__Brief__
All that is wanted is the exact text of the lines below from the one with "Photo: Gentle Monster - July Glasses in Pink" through the one with "A group of young", inclusive, minus any pictures.

__Raw data__
= = = = = = =

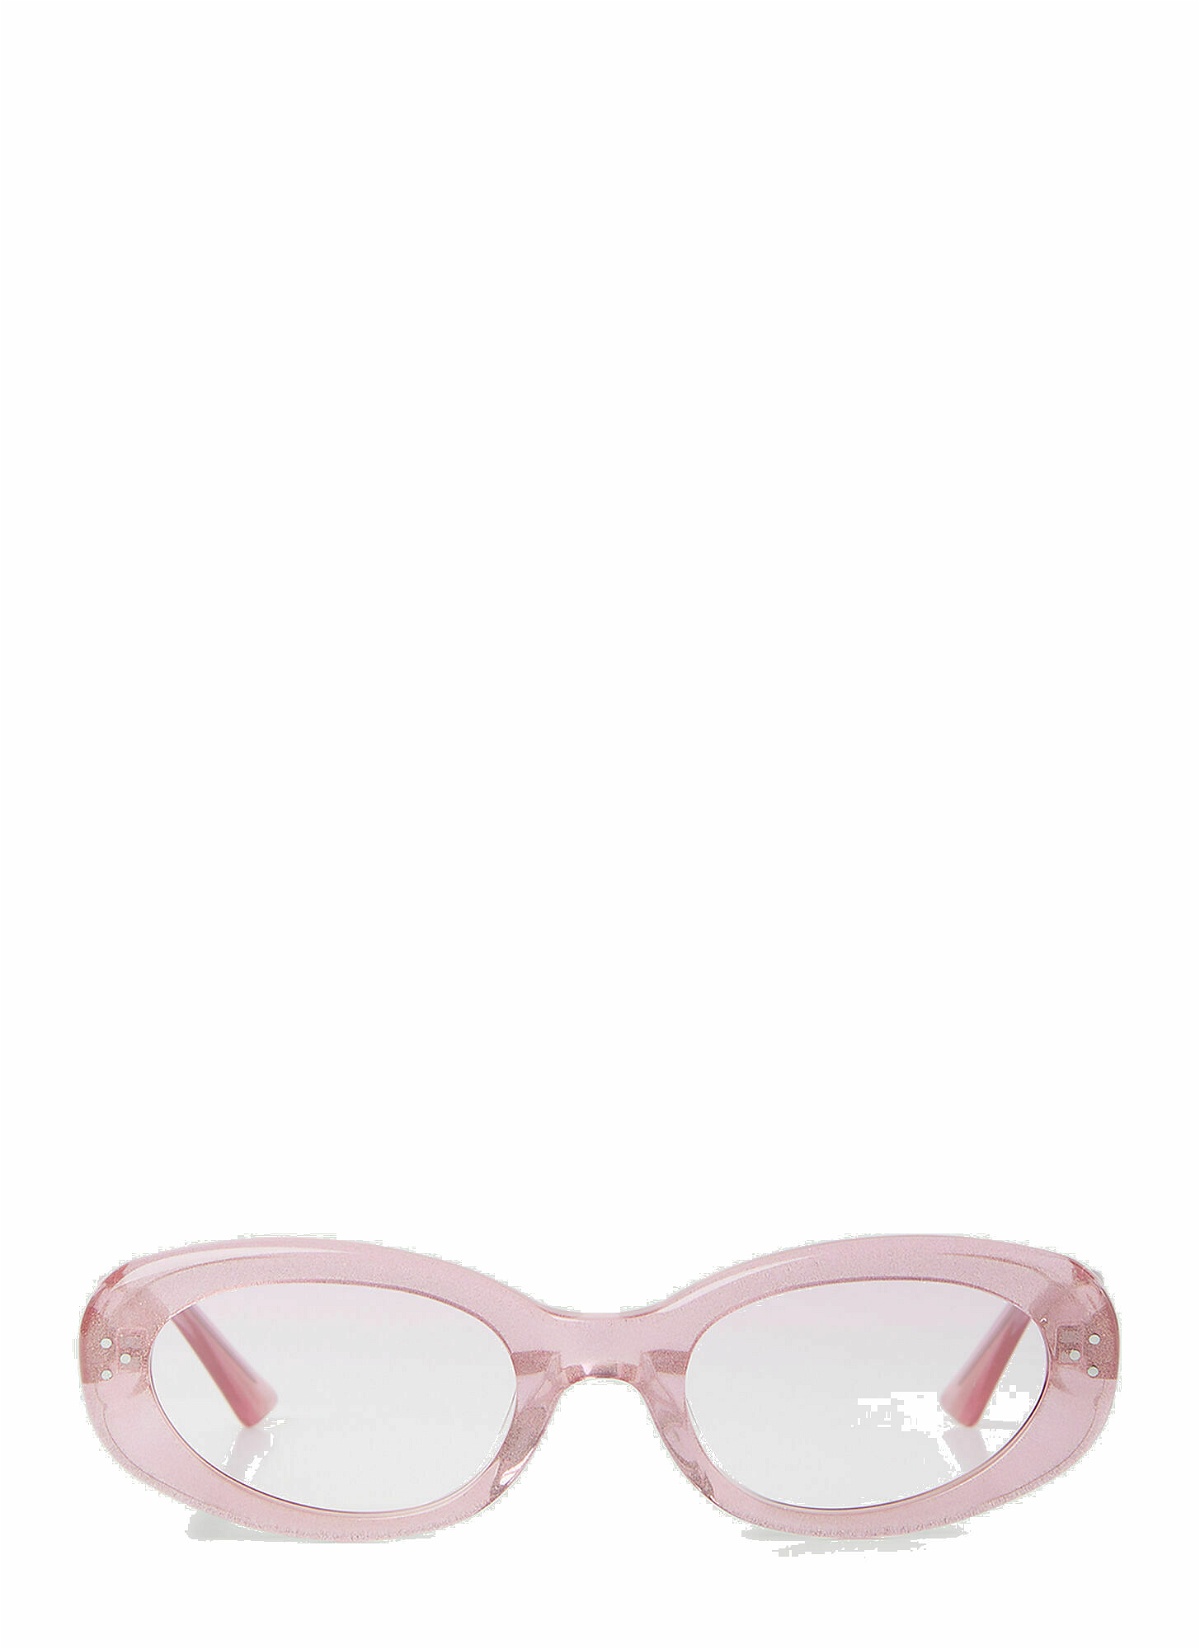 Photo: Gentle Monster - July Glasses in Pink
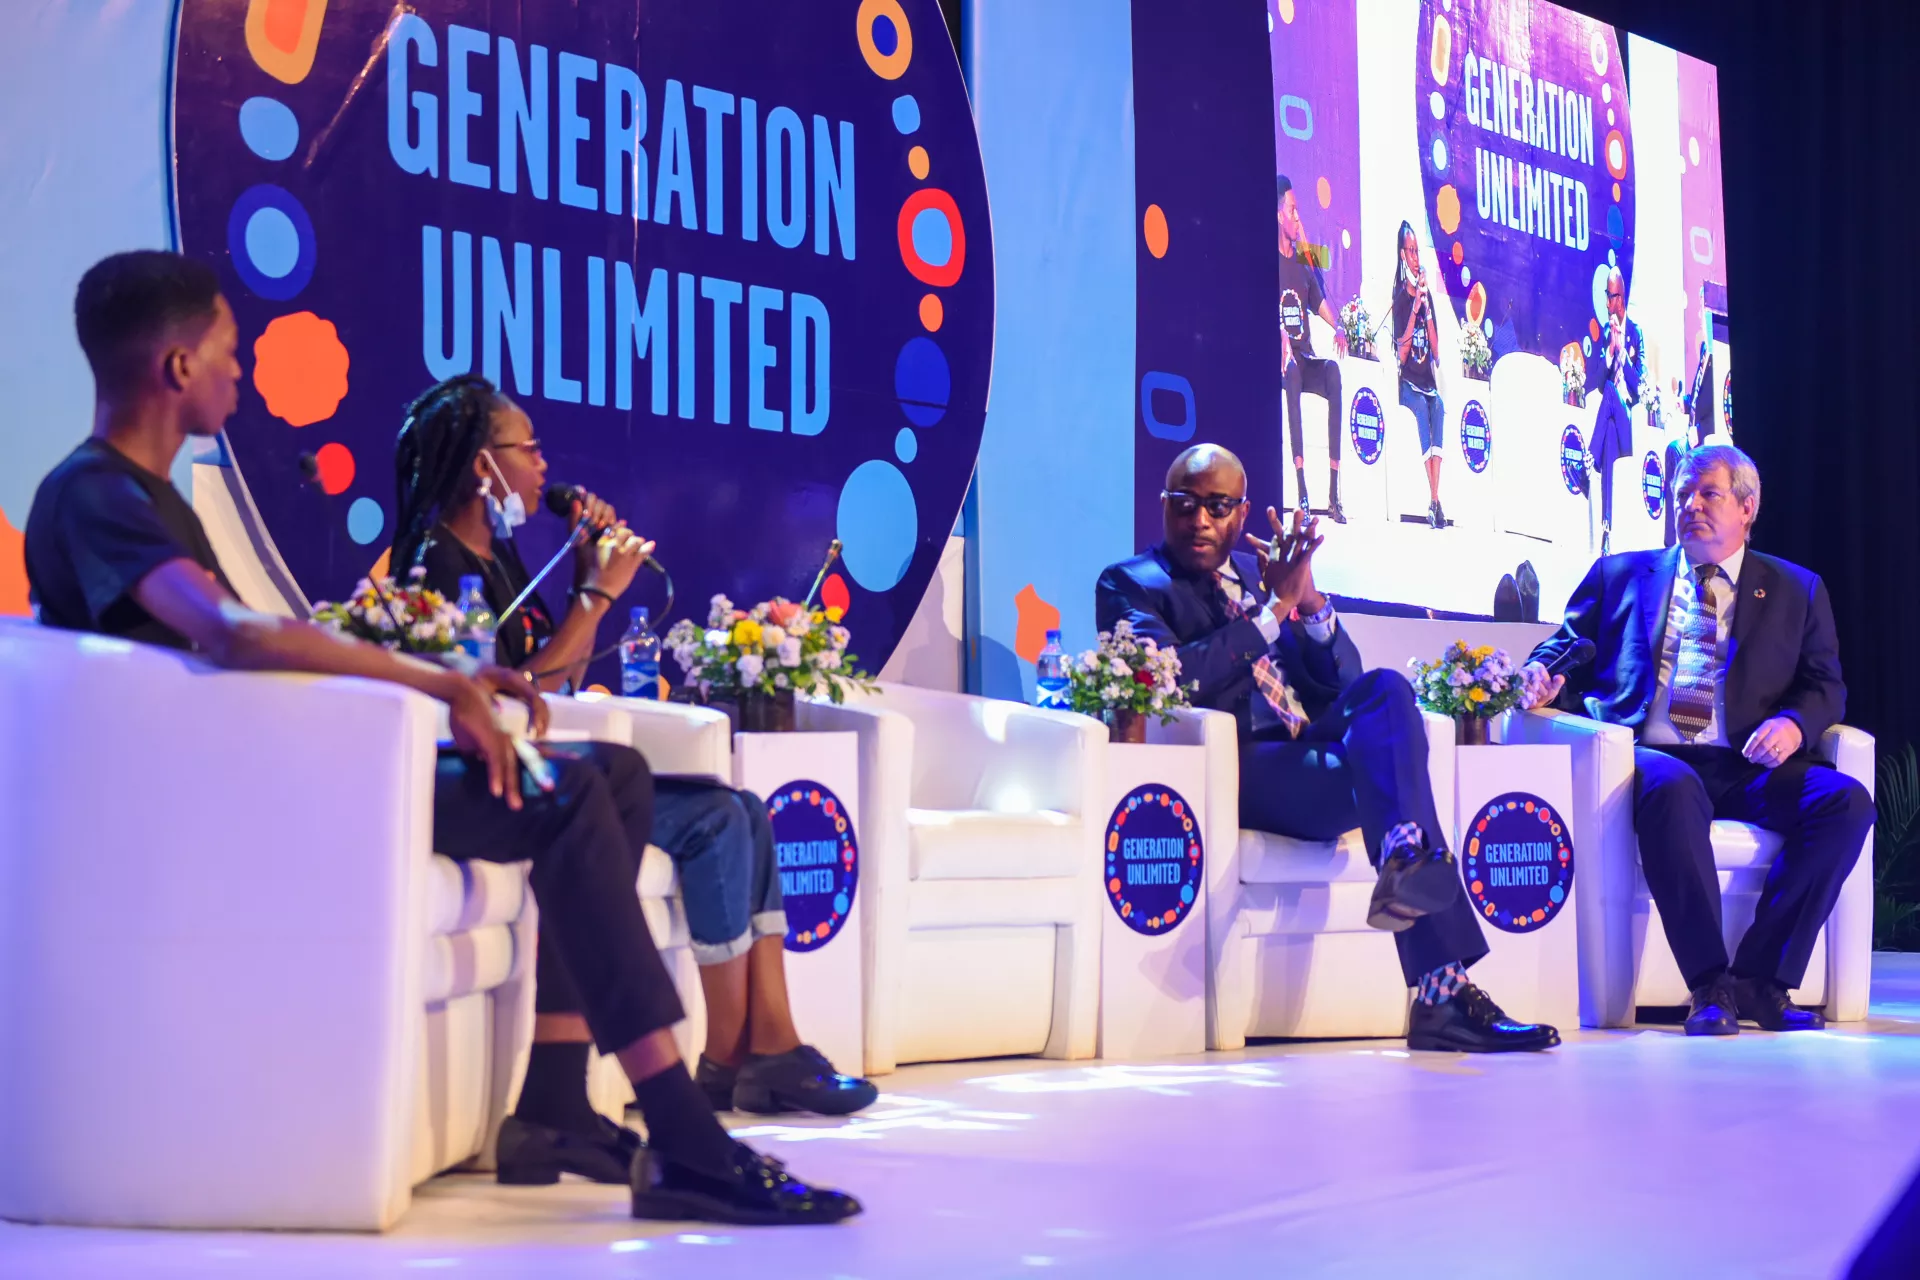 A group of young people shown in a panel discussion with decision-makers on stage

= = = = = = =

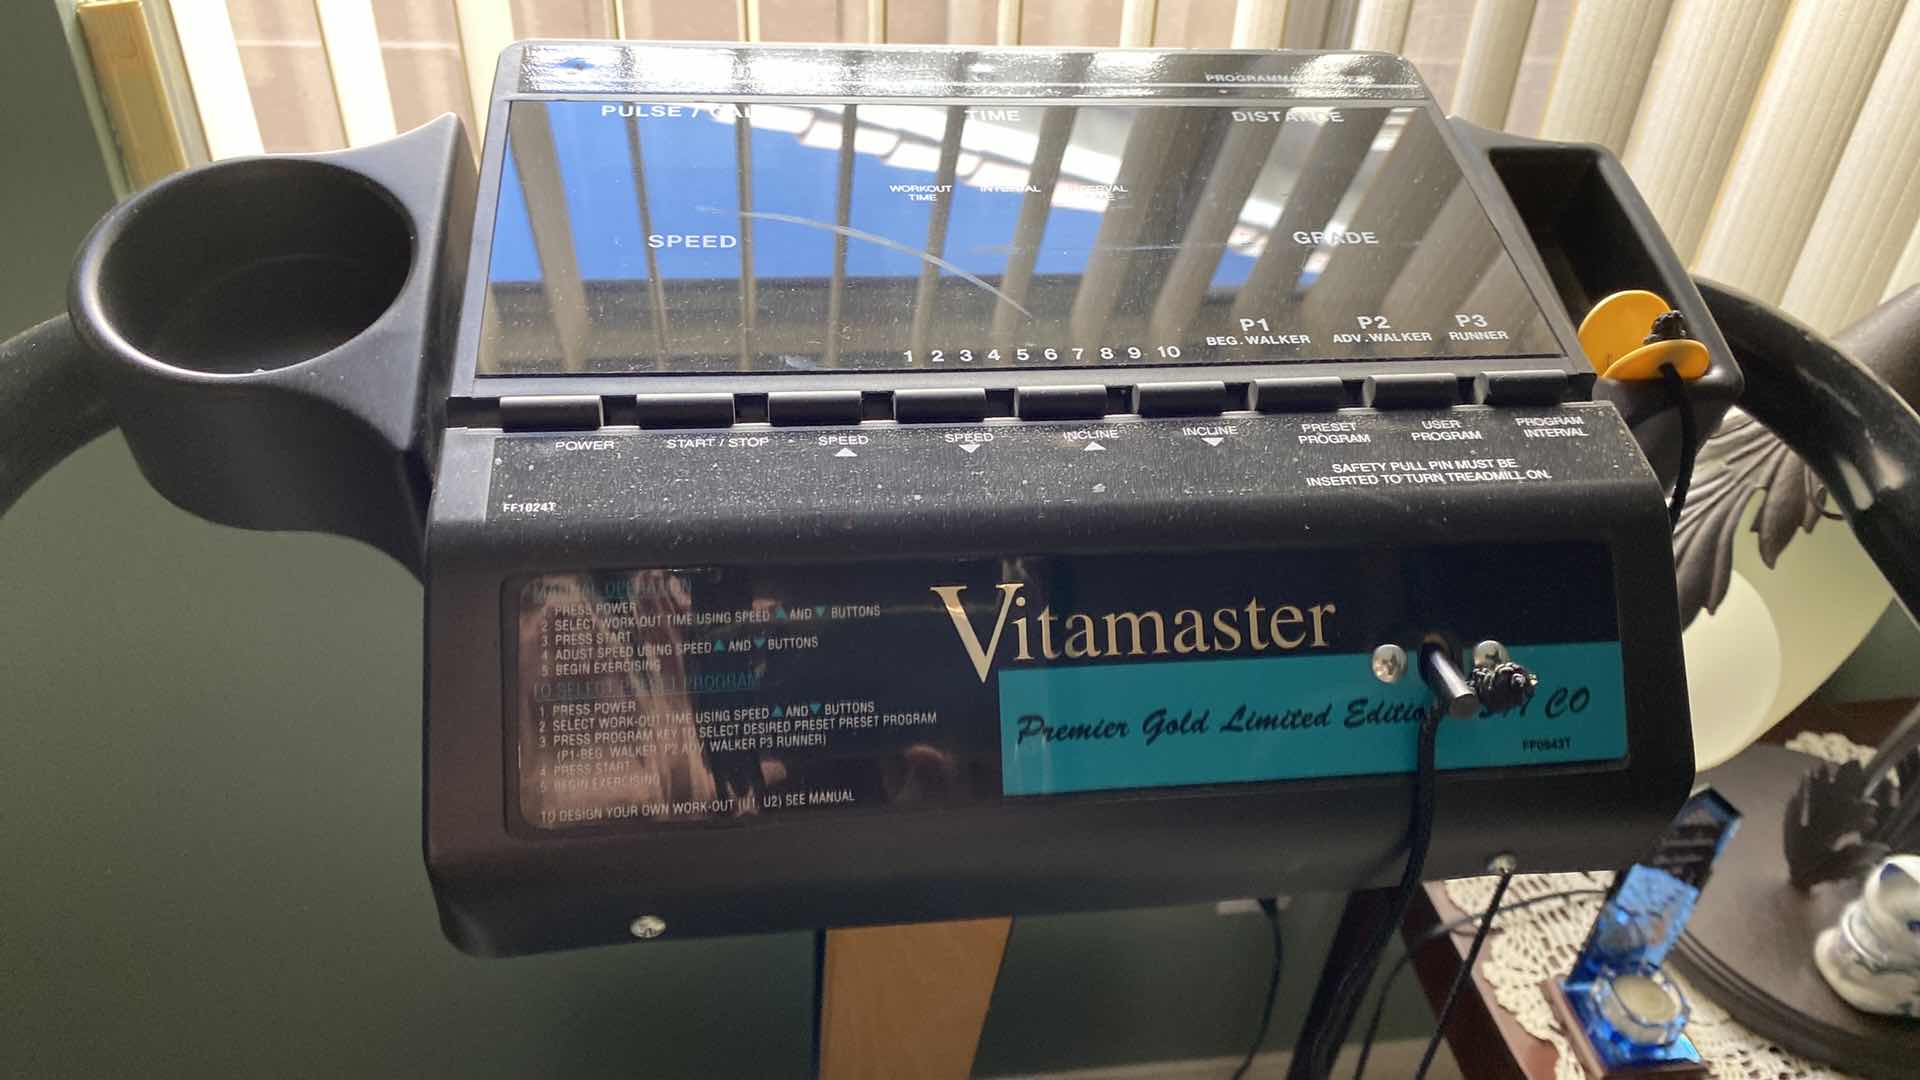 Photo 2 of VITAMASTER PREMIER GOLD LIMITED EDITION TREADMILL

= = = = = = =

__Result of this exercise__
 Photo: Gentle Monster - July Glasses in Pink
 A group of young people shown in a panel discussion with decision-makers on stage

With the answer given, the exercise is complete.